Curated mirror tier (in-process)¶
CAS serves attribute statistics by passthrough (no storage; every stats request hits the upstream provider), rasters by bbox subsetting at request time, and a small set of bulk-download-only vector datasets via curated local mirrors — version-pinned, checksummed copies materialized on your disk, on first use or by explicit sync. The hosted HTTP service remains stats-only: it neither stores nor redistributes mirrored data.
That three-tier identity statement is the design's north star. The mirror tier is a client-side reproducibility feature, not a data service: it gives pinned versions, manifests, and checksums for datasets the community otherwise re-downloads ad hoc.
No hosting, ever
Storage lives on the user's end. CAS is only ever a download client plus a local subsetter — it never hosts or redistributes mirror data, and the HTTP API mounts no mirror endpoints. A local mirror is download-client behavior (CAS acting as your agent), legally identical to what a manual download would be.
Storage model¶
Mirrors live under CAS_MIRROR_DIR (default ~/.cas/mirror). Each dataset
version gets its own directory with a manifest and a converted query layer:
$CAS_MIRROR_DIR/
index.json # mirror-wide: datasets present, totals
wokam/1.0/
manifest.json
wokam_v1.0.parquet # hilbert-sorted GeoParquet query layer
At materialization time CAS downloads the source archive to a *.part temp
file while streaming a sha256, atomically renames it, extracts only the
needed vector layer, and converts that layer to a hilbert-sorted GeoParquet
file (GeoParquet 1.1 with a per-row-group bbox covering column, row groups of
65 536 rows). The archive and the extracted shapefile are then dropped — the
parquet is ~3× smaller and bbox reads prune row groups instead of scanning —
and their checksums are recorded in the manifest.
Concurrency and read-only roots¶
Materialization takes an exclusive fcntl lock on the dataset directory.

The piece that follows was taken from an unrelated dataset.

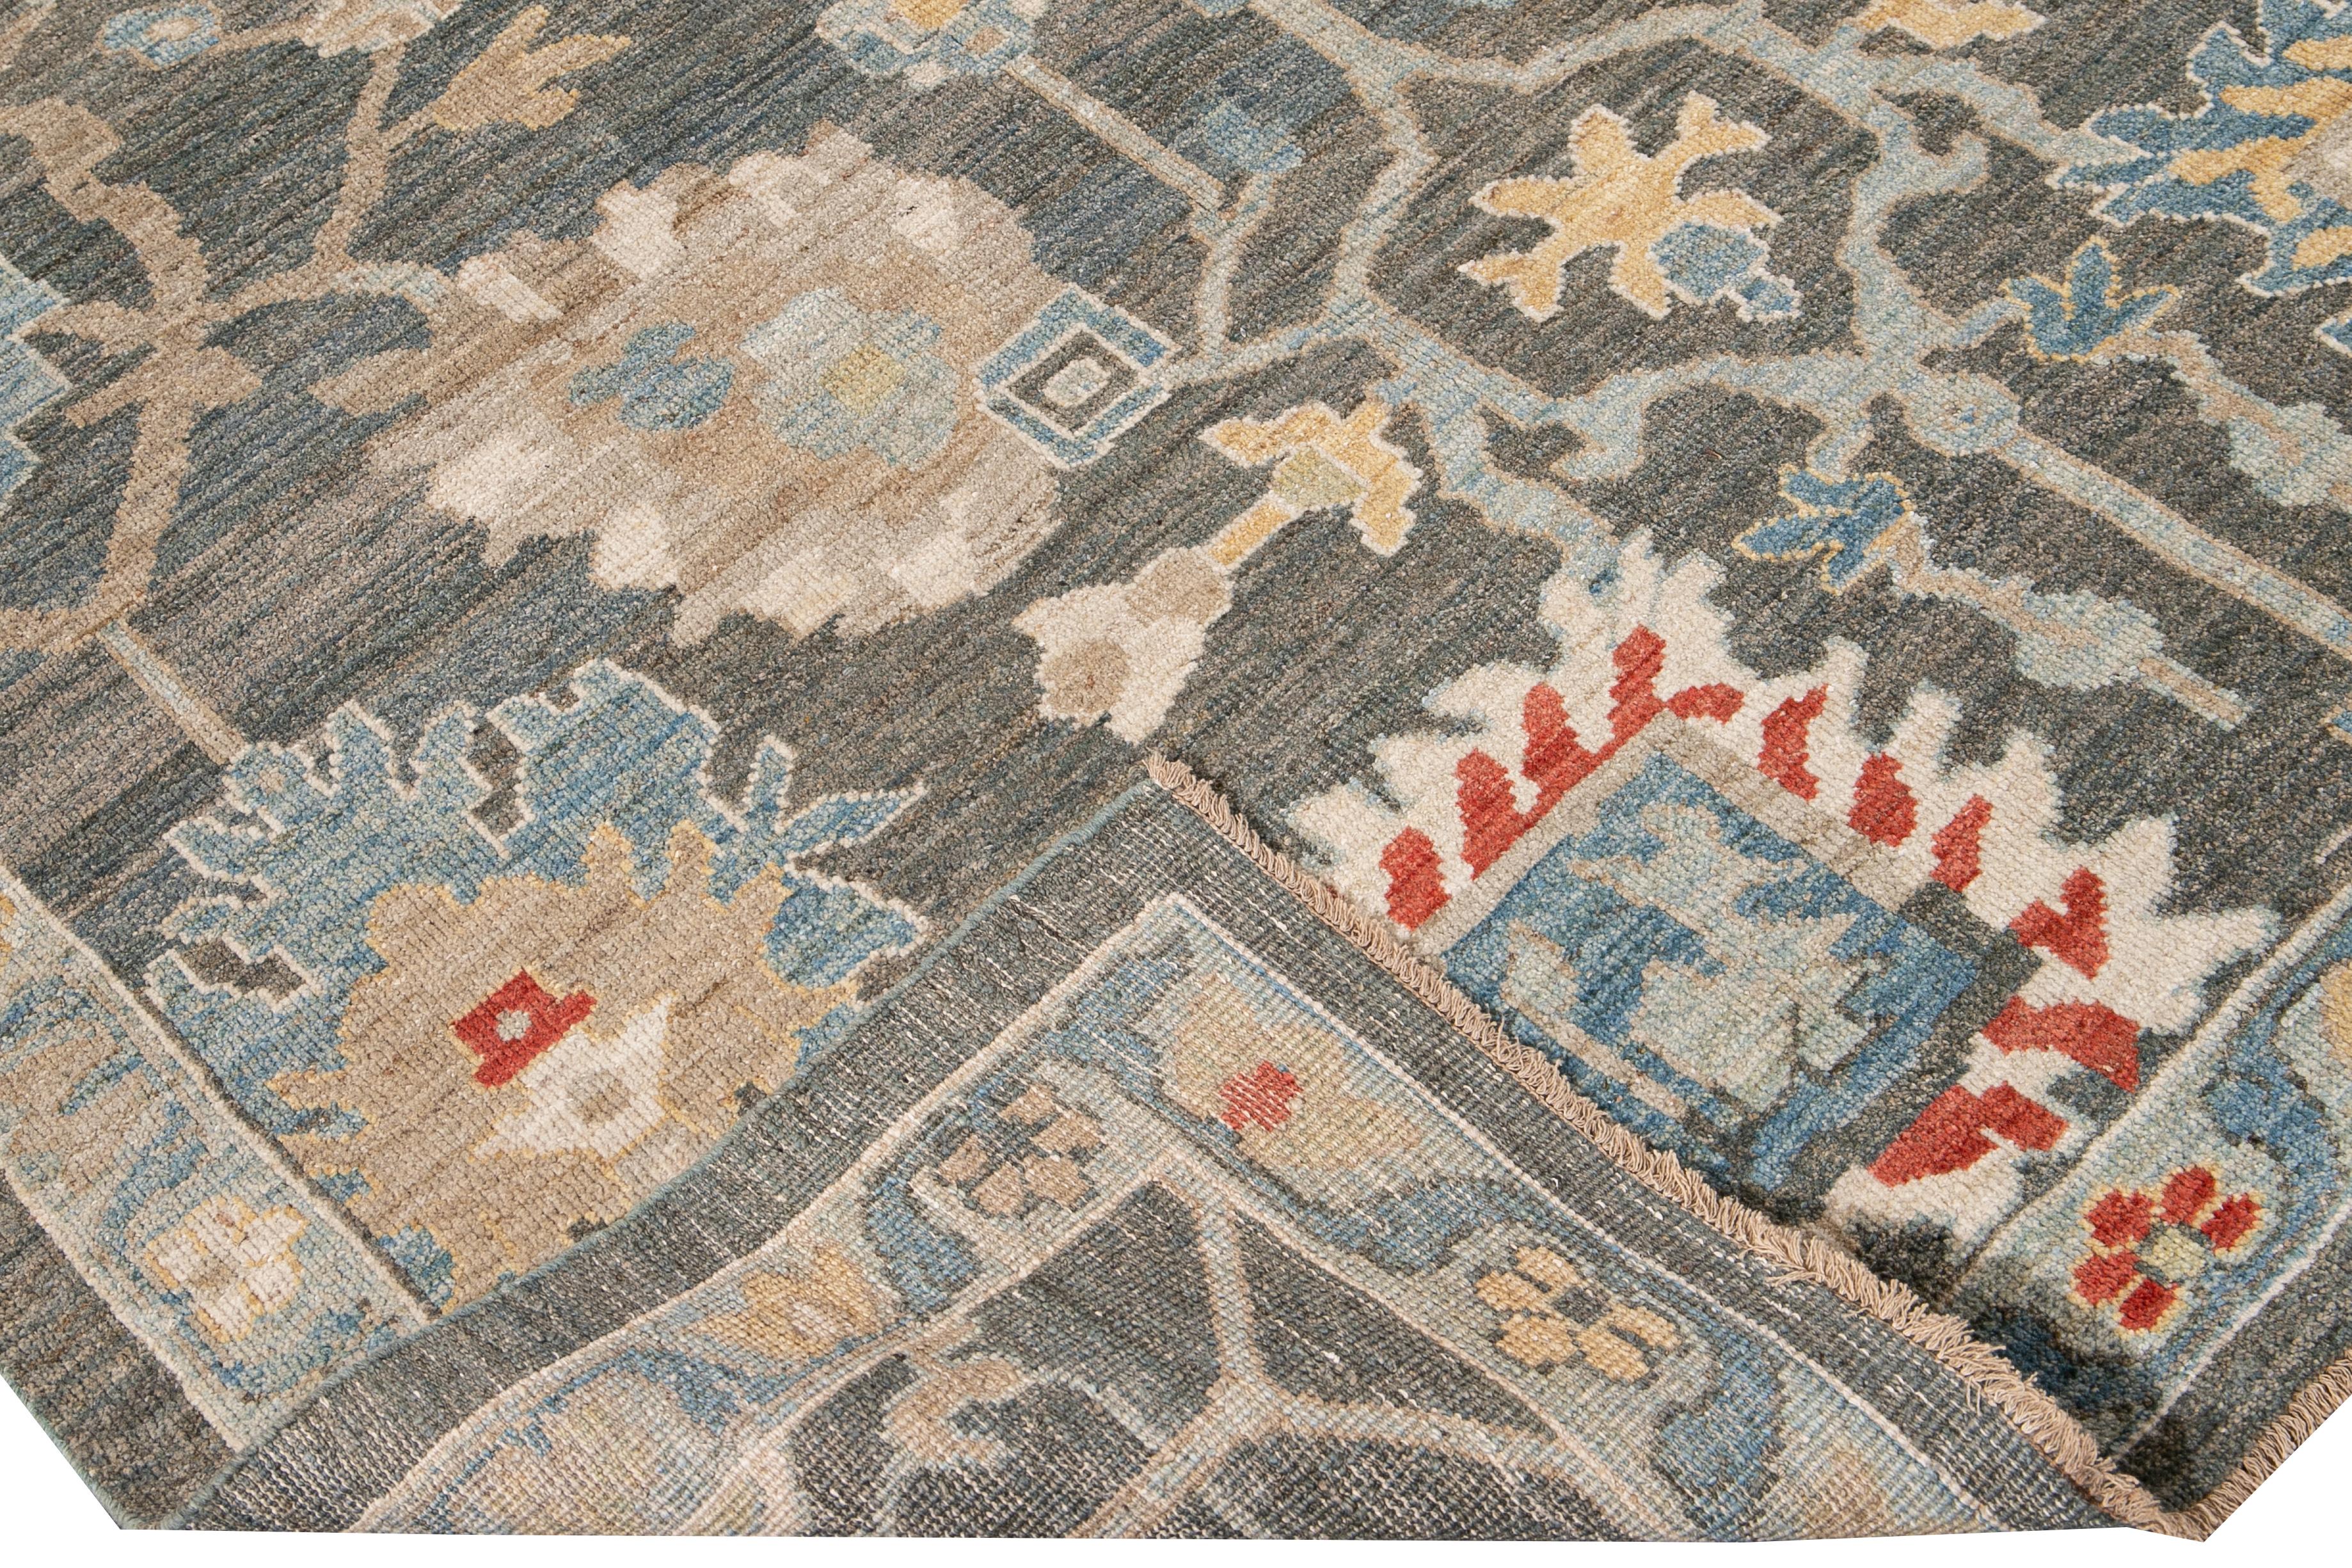 Beautiful modern Sultanabad hand-knotted wool rug with a gray field. This Sultanabad rug has an ivory, yellow, blue, and orange accent in a gorgeous all-over Classic geometric floral design.

This rug measures: 8'8

A second process (e.g. another calibration worker) arriving mid-download
blocks on the lock, then finds the finished manifest and returns without
re-downloading — lazy first-use under parallel workers is one download, not a
thundering herd.
A non-writable mirror root is fine for reads of an already-materialized
dataset (the HPC pattern: an admin syncs into a read-only group share). Trying
to materialize into a read-only root fails with an actionable error naming
cas mirror sync and the group-admin path.
Versioning and integrity¶
A mirror dataset id is the pair (slug, version); requests default to the
pinned version and slug==version pins explicitly. There is no "latest"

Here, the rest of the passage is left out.